A natural scientist might answer, that a human is a living being, which pursues metabolism within an area until its death. For that, a human has certain skills and attributes which could pursue him to search for reliable ways (like reading on Gundry MD reviews, for instance) so that he can provide this metabolism. This means, in the eyes of a natural scientist, dignity would be given, if a human has “dignified” conditions to pursue its metabolism: give some food, clothes, and a dwelling, that a human can live “appropriate to its species” and voila – a human is a human.

Scholars of the liberal arts, such as philosophers, would not be satisfied and want to find differences, which raise humans from animals.

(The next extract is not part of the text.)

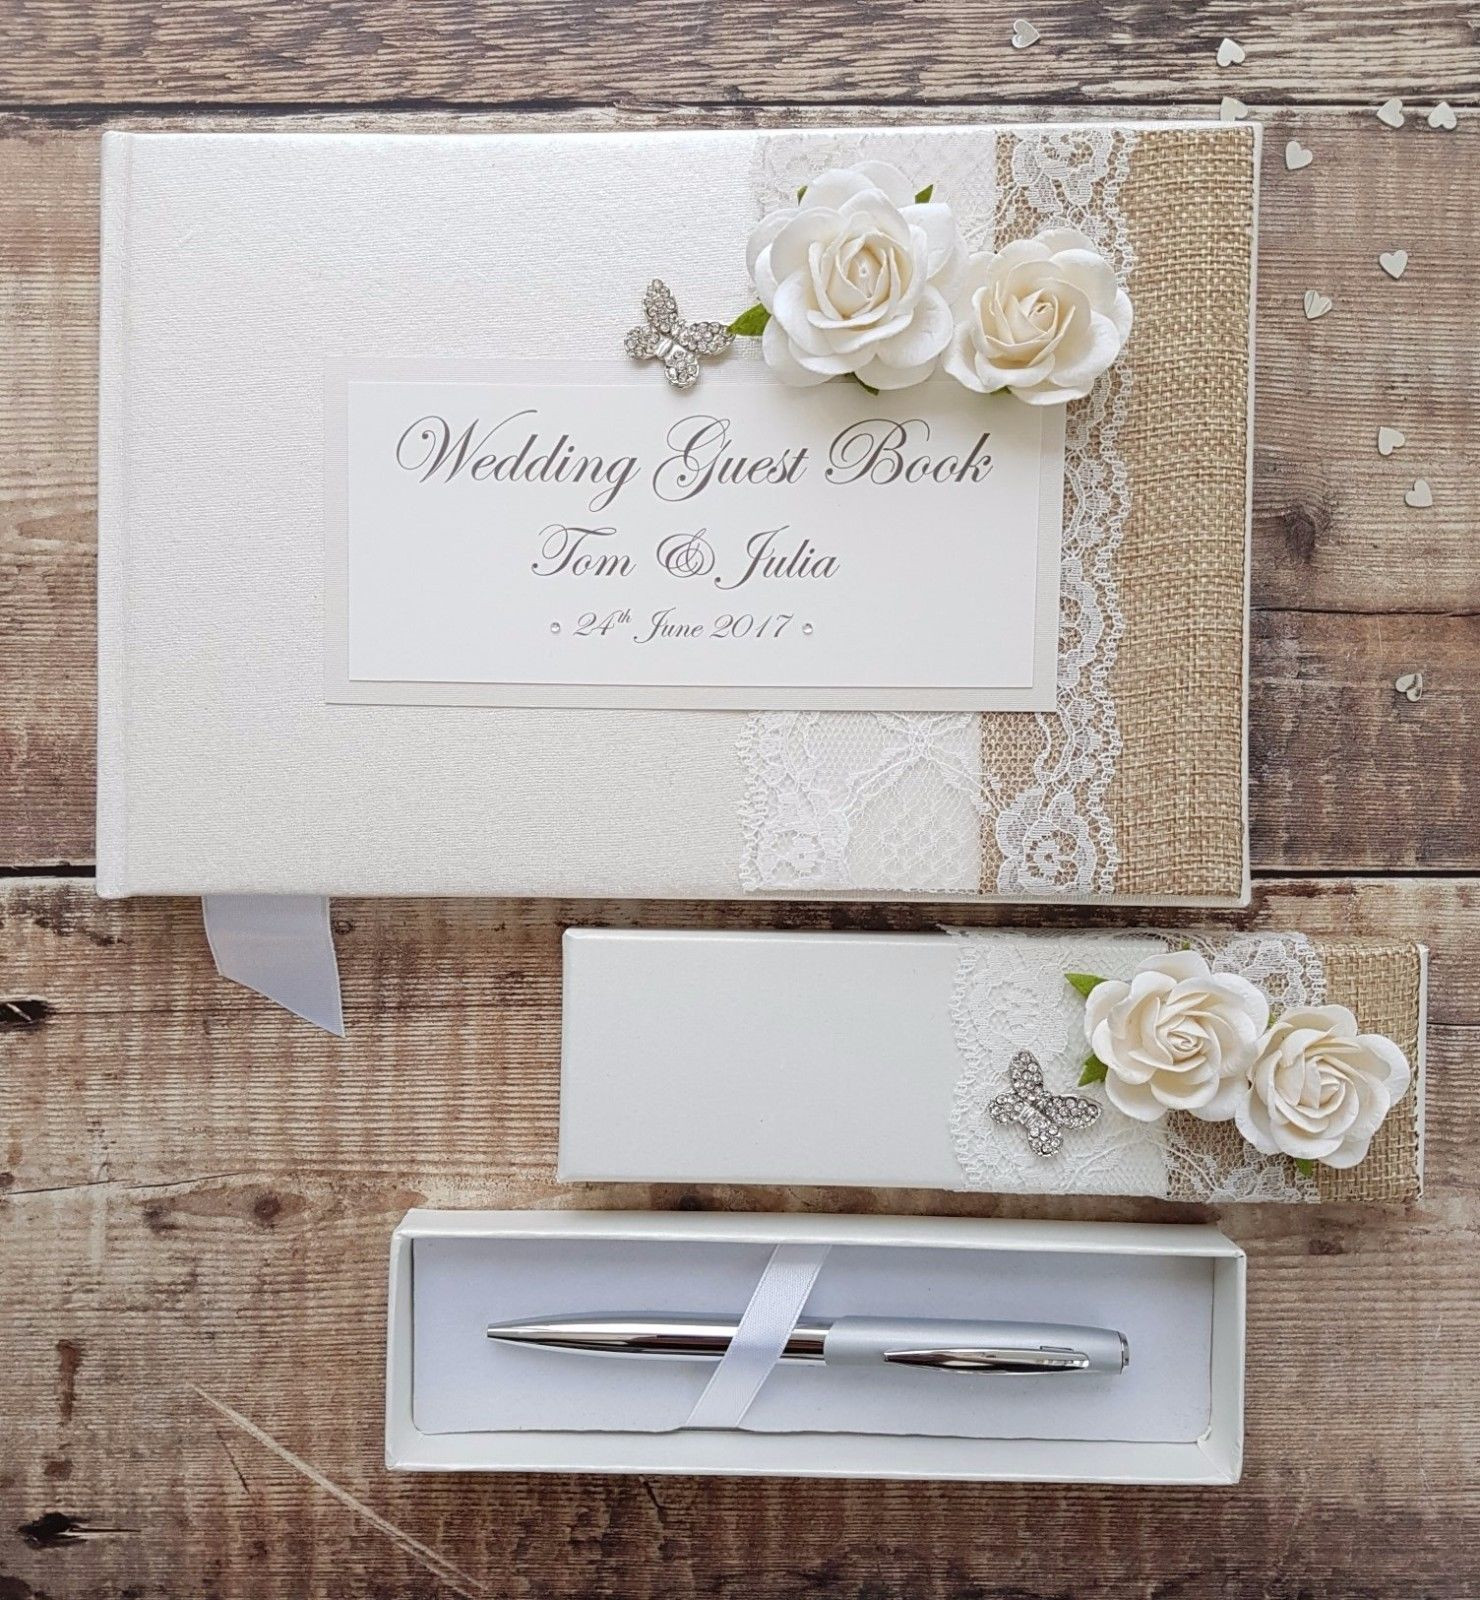 Wedding Guests Book
 Wedding Guest Book & Pen Set – Handmade Hessian Lace

One thesis is, that humans have unlike animals a conscious freedom to choose, which is almost independent of instincts. External borders of this freedom are given by physical laws – a human cannot do everything that it wants (e.g. fly in the sky or travel on water without tools). Internal borders can be seen in moral ideas – not everything that a human can do is allowed. This inner borders are built during life and they are influenced by the respective society. Thus, dignity can be understood as achievement of civilization: to see a human in a foreign human and to respect its personhood.

What possibilities do a state have to guarantee dignity?

If dignity is something that we learn, education plays an elementary role. This is why states decide on the main content of basic education.

If dignity is something which is connected with freedom, it is the task of the state to guarantee this freedom. For that purpose there are state institutions as for example the police.

If dignity has something to do with a human’s ability to develop as human by developing its potentials and skills, it is the task of the state to define such a framework, that each human can do so freely.

And in this area there is an idea: Each person should receive monthly a sum from the state, to be able to live. Work is divided from livelihood. This idea has different names – basic income, guaranteed minimum, citizen’s income and others. In principle this state payment can be seen as monetary equivalent of dignity. The payment is also unconditional and it differs from social help, while no (often “not dignified”) proof of neediness must be given.

 

This lecture was held on 30th March 2015 in Kiev/Ukraine at the international conference “Philosophy of humans as way of humanism and dignity.” After the so called “Revolution of dignity” in the end of 2013 and beginning of 2014 when several people were killed by state security personnel, the search for new solutions in Ukraine is very high.